# Cheap short term rental



## dubaibound3 (Jun 9, 2011)

Hello all

I will be moving over shortly and my company will be putting me up for 1 month but if i havent found scholls and property by then i would need cheap short term rentals in AD or dubai as i dont want to commit to a property until i have schools sorted .Just wondering if there are cheap hotels or if there are cheap short term apartments,it will only be myself as wont ship family out until everything in place

Thanks for your help


----------



## INFAMOUS (Apr 19, 2011)

Property Real Estate for Sale and Rent. Jobs in the Middle East and North Africa , Free Classifieds in with Dubizzle.com


----------



## dizzyizzy (Mar 30, 2008)

there's a cheap hotel in Jebel Ali, easyhotels.com which advertises 99aed per day.

there's also hotel apartments which may offer you a good deal since business is slow this time of the year. Do a search here as the topic has been covered before so you'll find useful info.

can't help re. AD, sorry!


----------



## readmetwice (Jul 24, 2011)

I ran into another option that may help Airbnb, lists people renting their own places. Unlike Dubizzle they are all short term rentals although they do have short term as well. 

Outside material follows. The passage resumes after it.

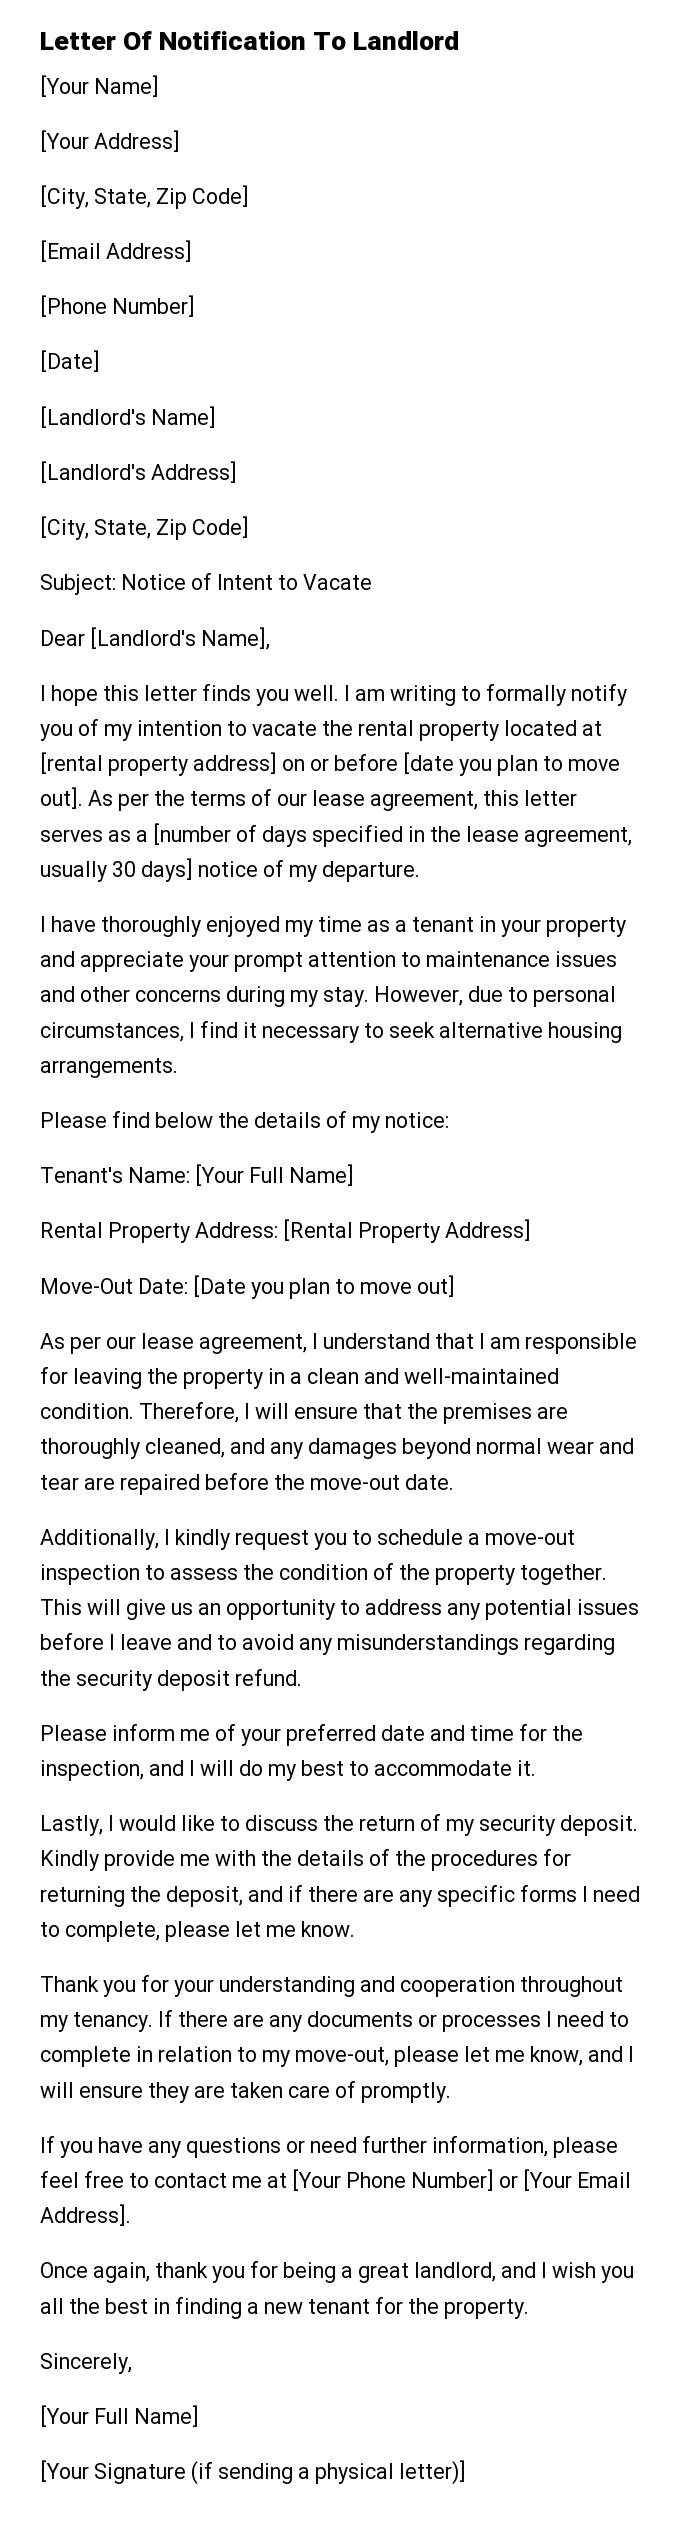 Letter Of Notification To Landlord
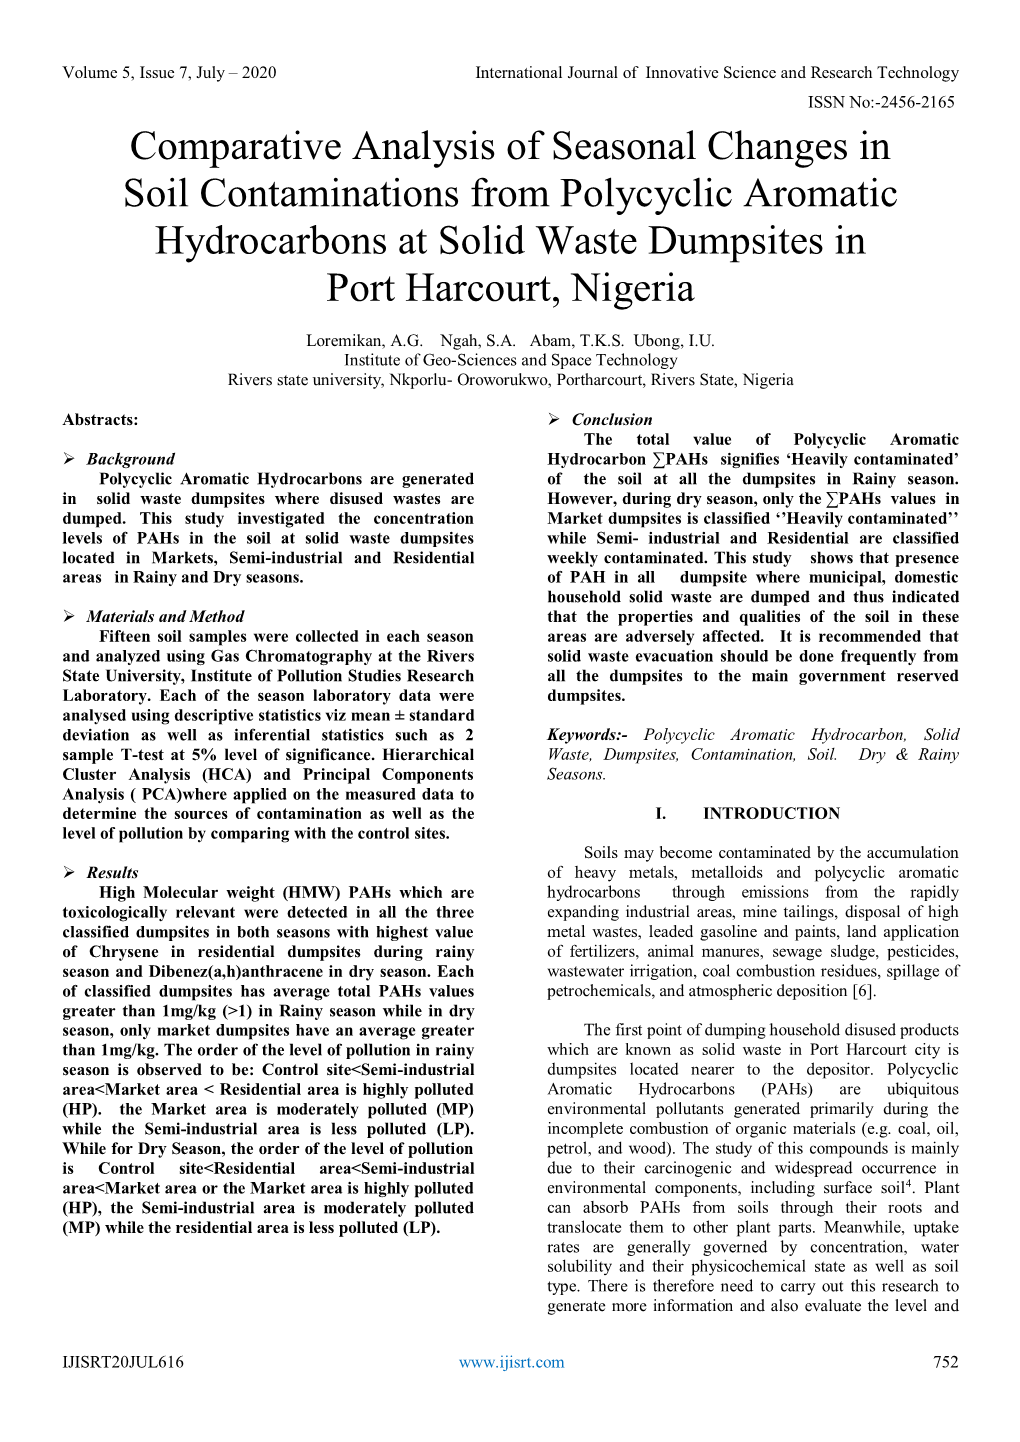 Comparative Analysis of Seasonal Changes in Soil Contaminations from Polycyclic Aromatic Hydrocarbons at Solid Waste Dumpsites in Port Harcourt, Nigeria

Prices are pretty awesome overall; for most bang for your buck stick to JLT, Discovery Gardens (although I would not live there) or my personal new found oasis Motor City (a bit off the road but very green, good quality, relaxing and well priced).




slimtrader said:


> Hello all
> 
> I will be moving over shortly and my company will be putting me up for 1 month but if i havent found scholls and property by then i would need cheap short term rentals in AD or dubai as i dont want to commit to a property until i have schools sorted .Just wondering if there are cheap hotels or if there are cheap short term apartments,it will only be myself as wont ship family out until everything in place
> 
> Thanks for your help


----------